Я старею. Я ощущаю это телом, каждой клеточкой. Неостановимый процесс. Но не душой, не душой, нет.

Доктора все больше вторгаются в мою жизнь, из реальности переходят в сны, как неприятные гости из вашей гостиной вдруг переходят в спальню (что им там надо?…), занимают места в моих мыслях, рассаживаются удобно и надолго, будто в театре, предвкушая интересный спектакль, проникают в грезы, даже в грезы. Они собираются вместе: дантисты, педиатры, офтальмологи, урологи, кардиологи и говорят, говорят, спорят, опровергают друг друга, соглашаются друг с другом, перебивают, не слушают, повышают голос, кричат, словно стая собак на деревенской улице, услышавшая далекий выстрел. Наверное, я застрелился. Но не точно. Доктора убедили меня, что ничего точного на свете нет.

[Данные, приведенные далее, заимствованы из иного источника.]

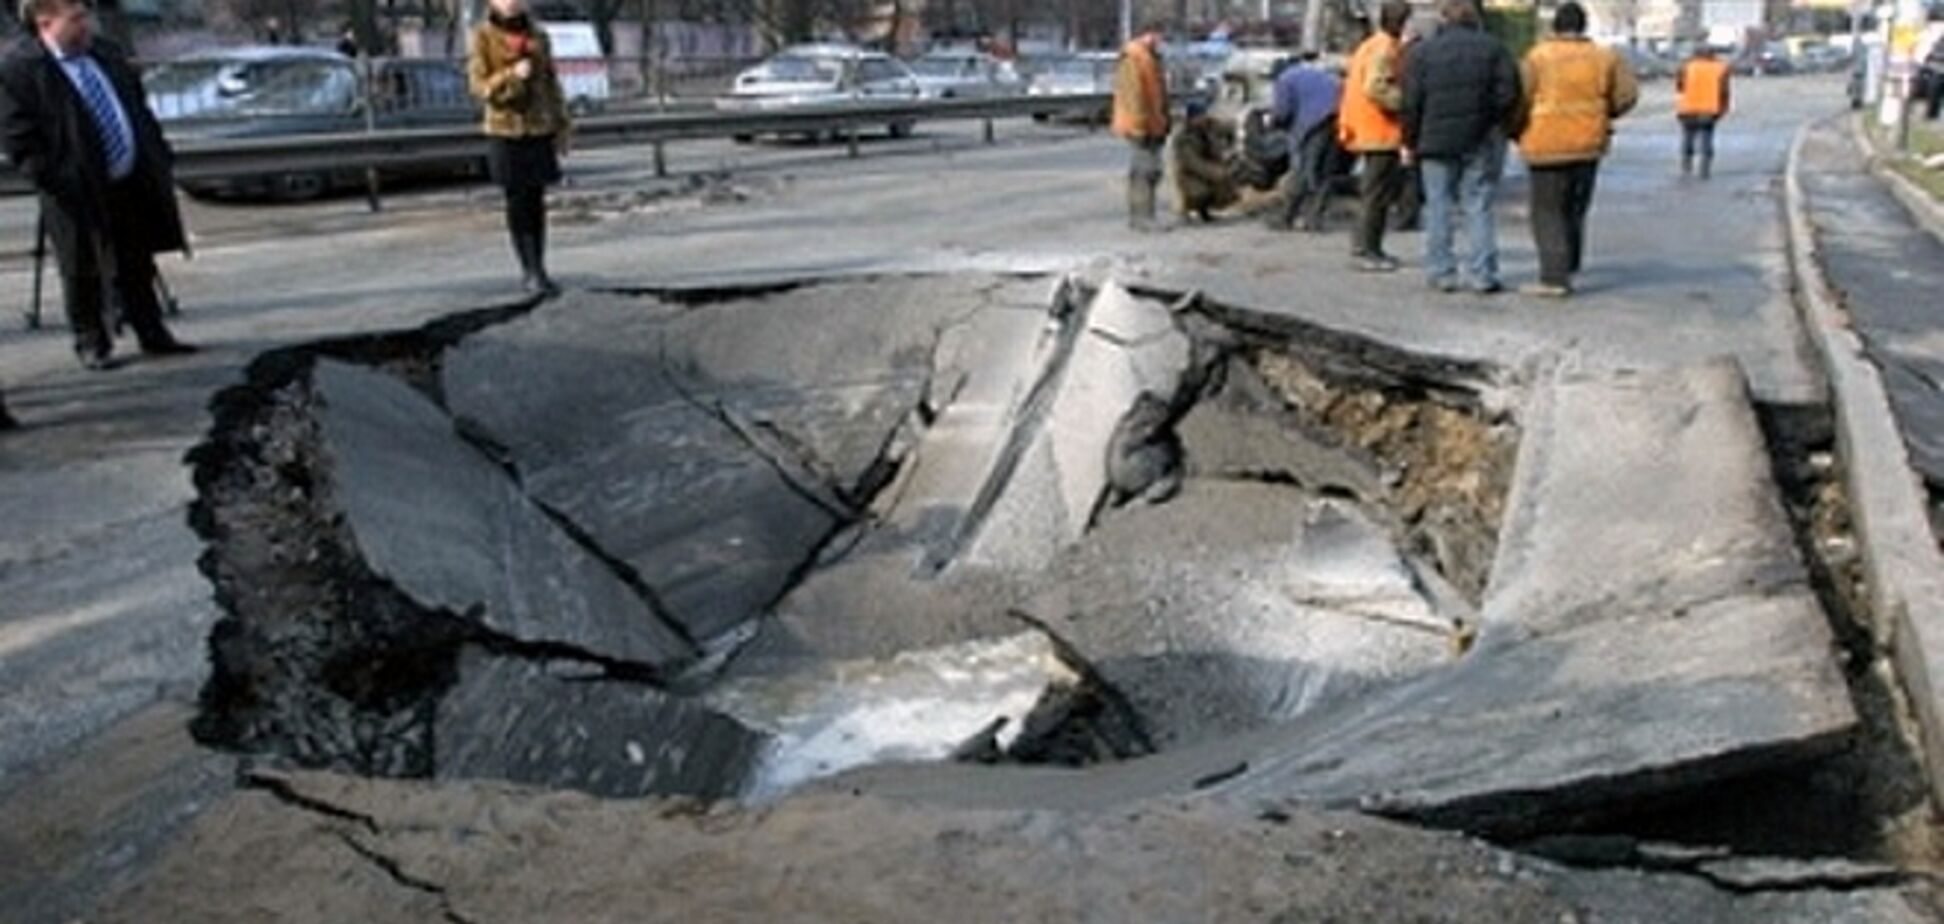 Рахунок на десятки тисяч: стало відомо, скільки ДТП трапляється в Україні через погані дороги

– Доктор, а операция необходима?

– Наверное…

– А я потом смогу видеть?

– Наверное…

– А бегать?

– Наверное…

– А сношаться?

– Навер…

– А умру?

– Наве…

– А жить буду?

– На…

Ладно, заткнись. Я стараюсь изгонять их из своей жизни, стараюсь не ходить к ним, не обращаться как можно дольше, как можно никогда. А они просачиваются в мои сны, один за другим процеживаются сквозь неплотно прикрытую дверь реальности. И я вижу их, когда сплю, вижу, хотя видеть не могу.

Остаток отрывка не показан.